Kurze Zeit darauf beantragte man das Markenrecht auf den Begriff „face“. Aber auch hierzu gibt es eine Geschichte zu erzählen. Aaron Greenspan, seines Zeichens Chef der Firma Think Computer und Entwickler einer Anwendung für mobiles Zahlen namens „FaceCash“, verklagte das soziale Netzwerk vor Kurzem, weil dieser sich übergangen fühlte, nachdem er maßgeblich an der Entwicklung des sozialen Netzwerkes beteiligt war. Ihm würden größere Anteile an dem Millionenunternehmen zustehen - und genau die hätte er nun gern.
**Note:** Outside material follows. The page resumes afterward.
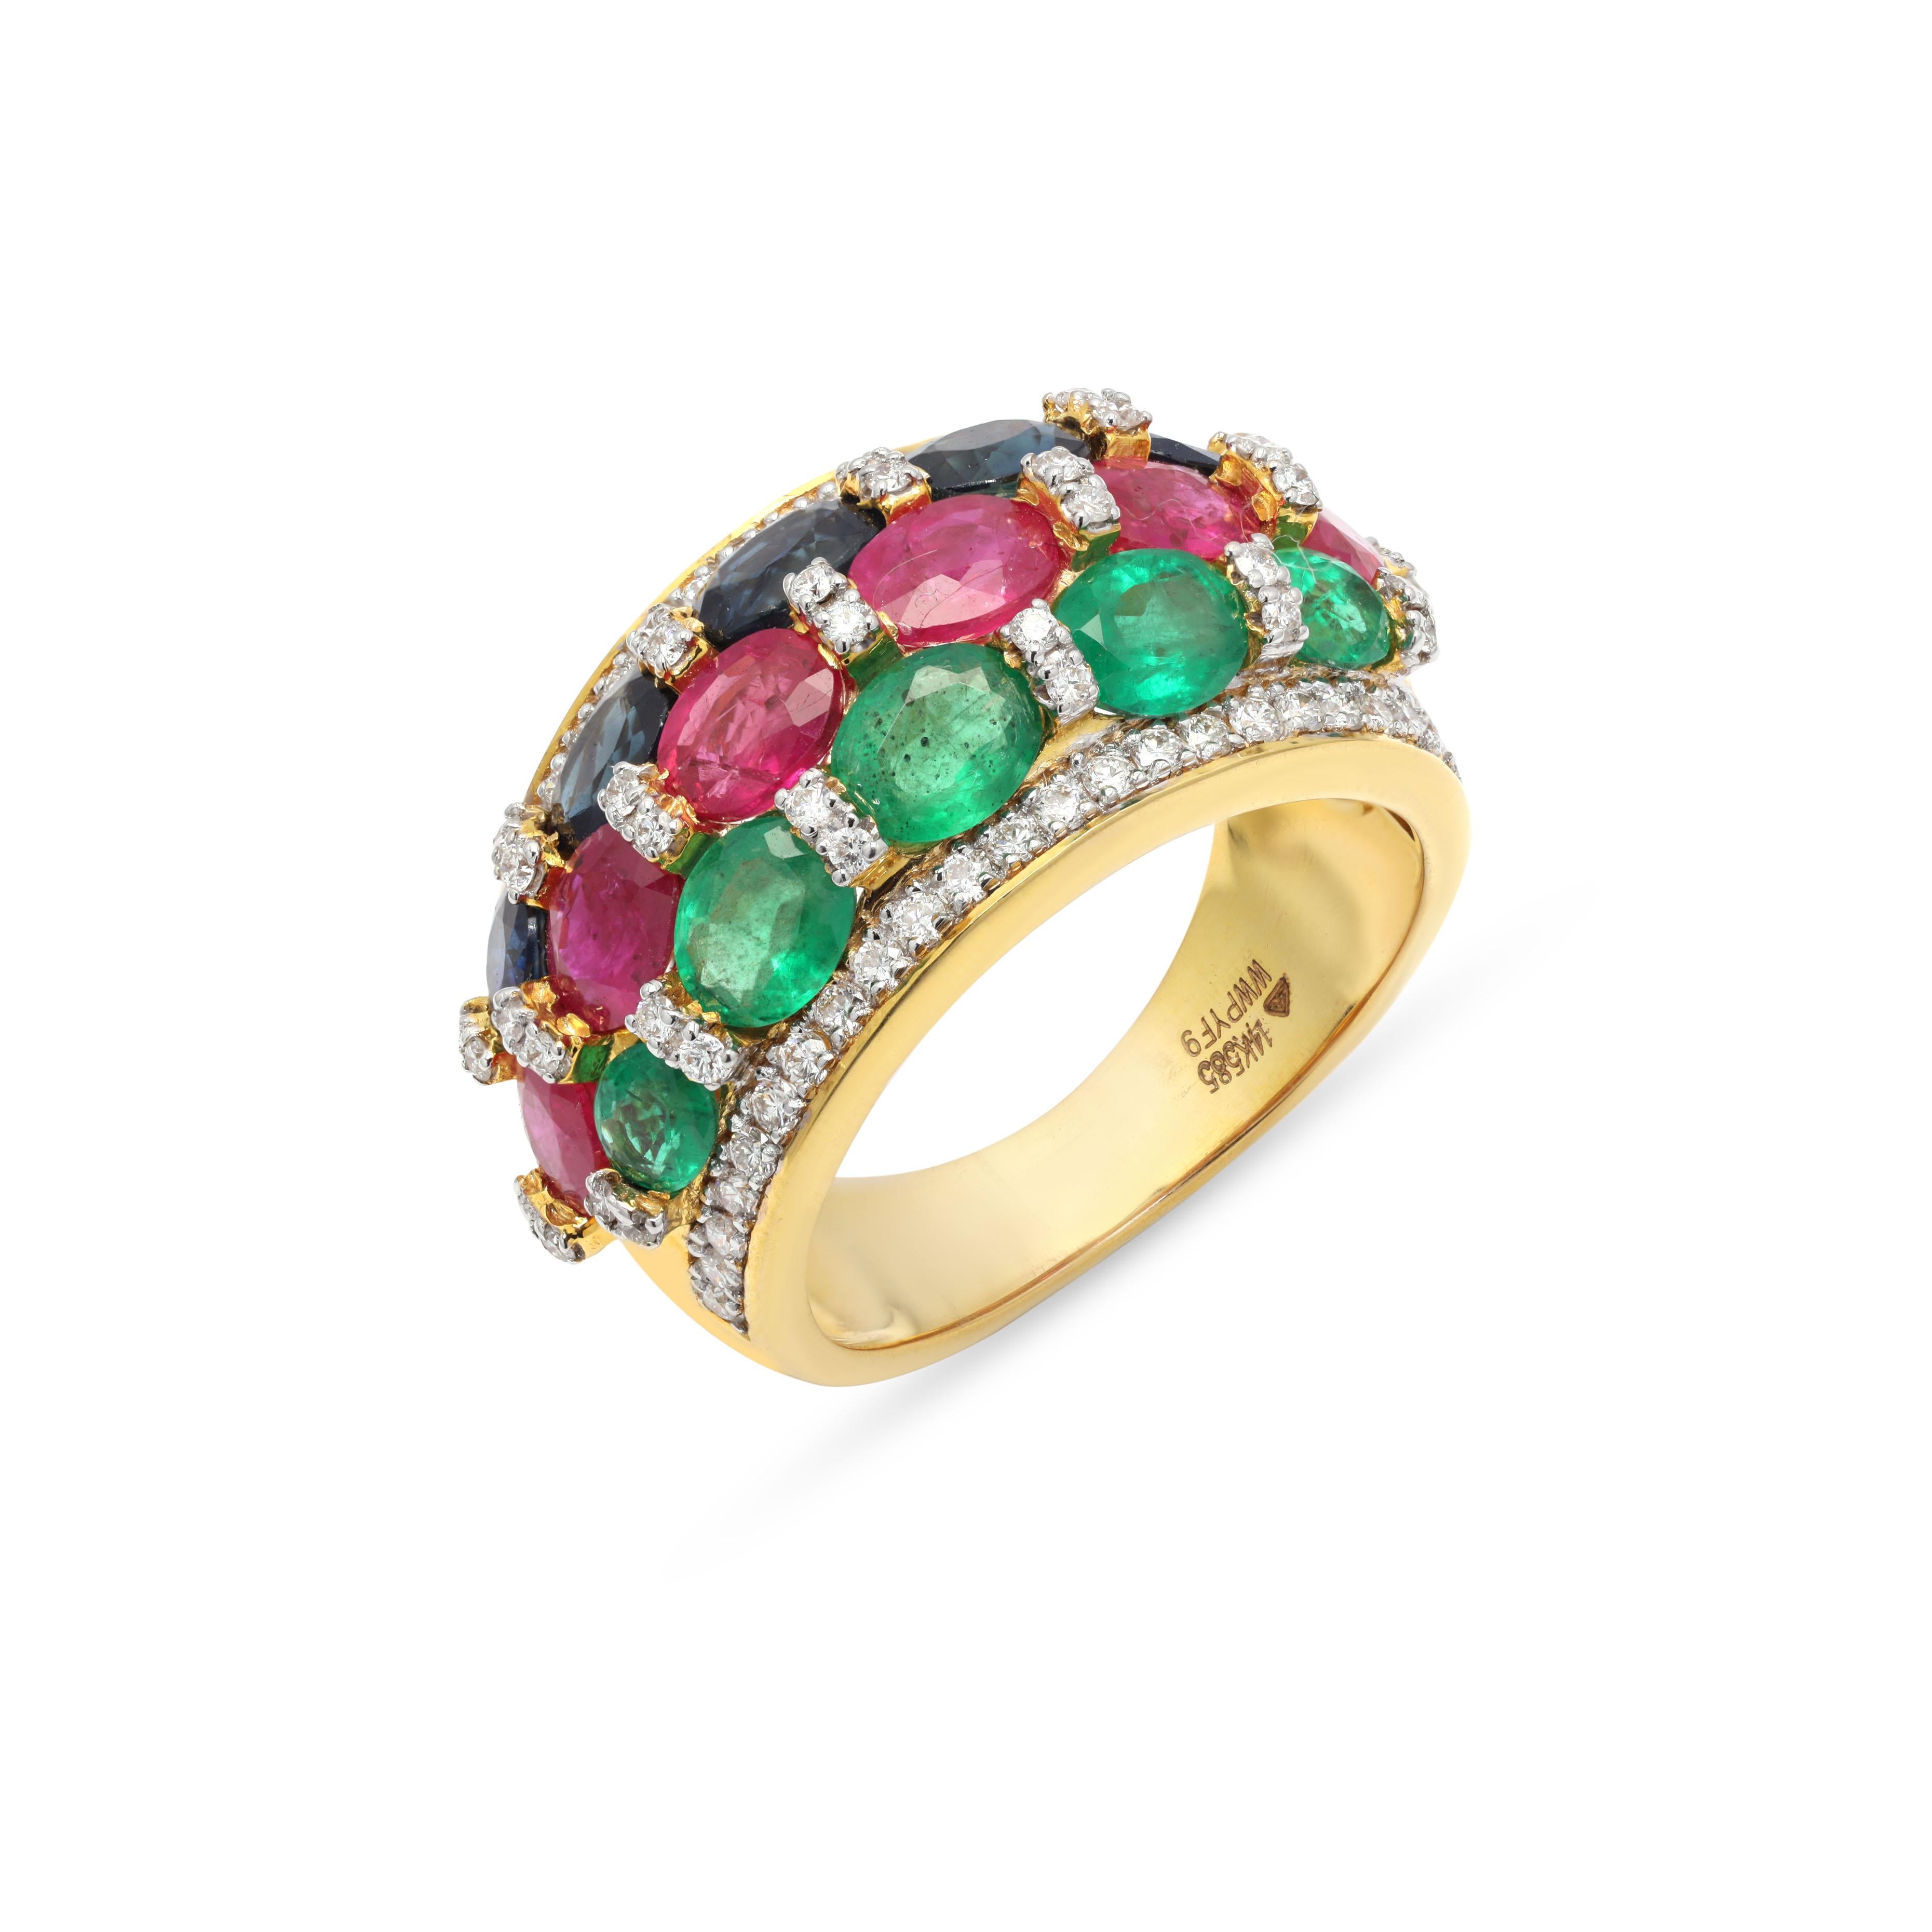 For Sale:  Emerald Ruby Sapphire Wedding Band Ring with Diamonds in 14k Yellow Gold 6
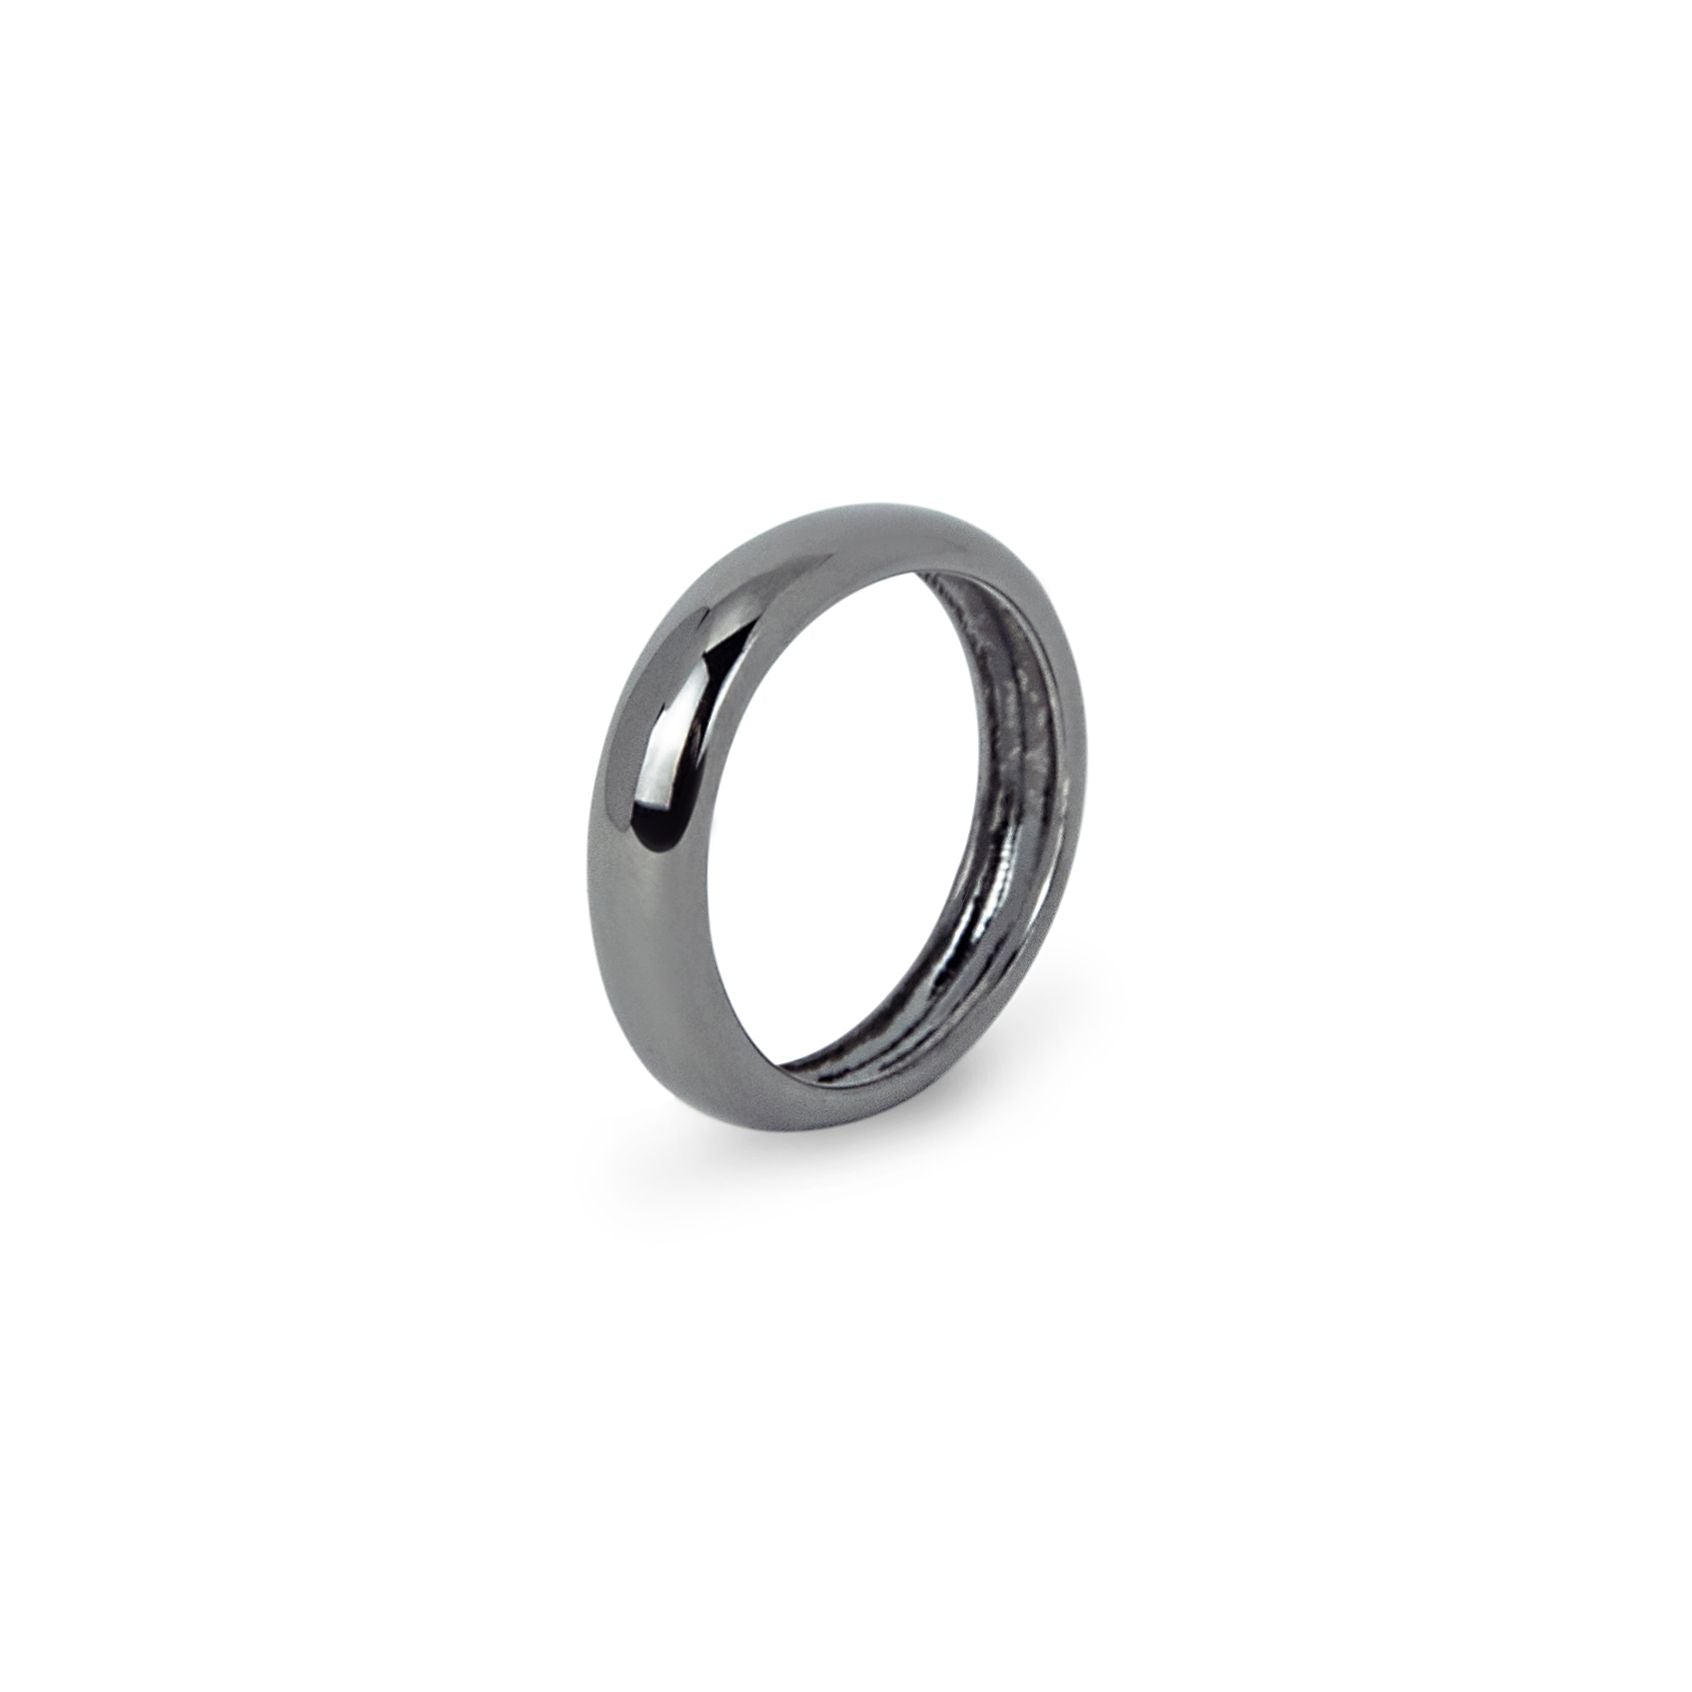 TUBE RING IN BLACK RHODIUM PLATED SILVER

Möglicherwiese als Retourkutsche, übernahmen Facebook den Markenschutzantrag auf den Begriff „face“ von einer kleinen Firma, welche die Seite Faceparty.com betrieb. Greenspan fand verständlicherweise wenig Gefallen an der Aktion. Er hält zwar das Markenrecht an dem Begriff „FaceCash“, so wie Apple auch das Markenrecht an dem Begriff „Facetime“ hat, welches als Videotelefonie mit dem neuen iPhone 4 eingeführt wurde. Allerdings würde ihn dieser Markenschutzantrag seitens Facebook davon abhalten, das Wort „face“ für weitere Applikationen aus seiner Softwareschmiede zu nutzen. Außerdem will er verständlicherweise verhindern, dass Facebook eine Möglichkeit bekommt, ihn juristisch zu verfolgen.

Nun, Greenspan und alle anderen, die im Internet mit dem Begriff „face“ umgehen wollen, werden in Zukunft vorsichtiger sein müssen. Die US-Patentbehörde hat Facebook nämlich vor Kurzem das Markenrecht an dem Begriff „face“ zugesprochen. Dies gilt allerdings nur für „Telekommunikationsdienstleistungen, namentlich das Anbieten von Online-Chaträumen, elektronischen Foren zur Übermittlung von Nachrichten zwischen Computernutzern im Rahmen des allgemeinen Interesses und betreffend Gegenstände in den Bereichen Soziales und Unterhaltung, ohne primären Bezug auf Motorisierung oder Autos.“

Es wäre damit also recht unklug, ein neues soziales Netzwerk aufzubauen und den Begriff „face“ darin zu verwenden - ganz egal, in welcher Verbindung. Bestehende soziale Netze, die diesen Begriff bereits nutzen, dürften sich nunmehr warm anziehen dürfen.

Es ist allerdings auch gar nicht so ungewöhnlich, dass sich Firmen allgemeine Begriffe als Markenzeichen für einen bestimmten Bereich sichern. Apple hat z. B. das Markenrecht an dem Begriff „Chicago“ - bezogen auf Schriftarten für Computer.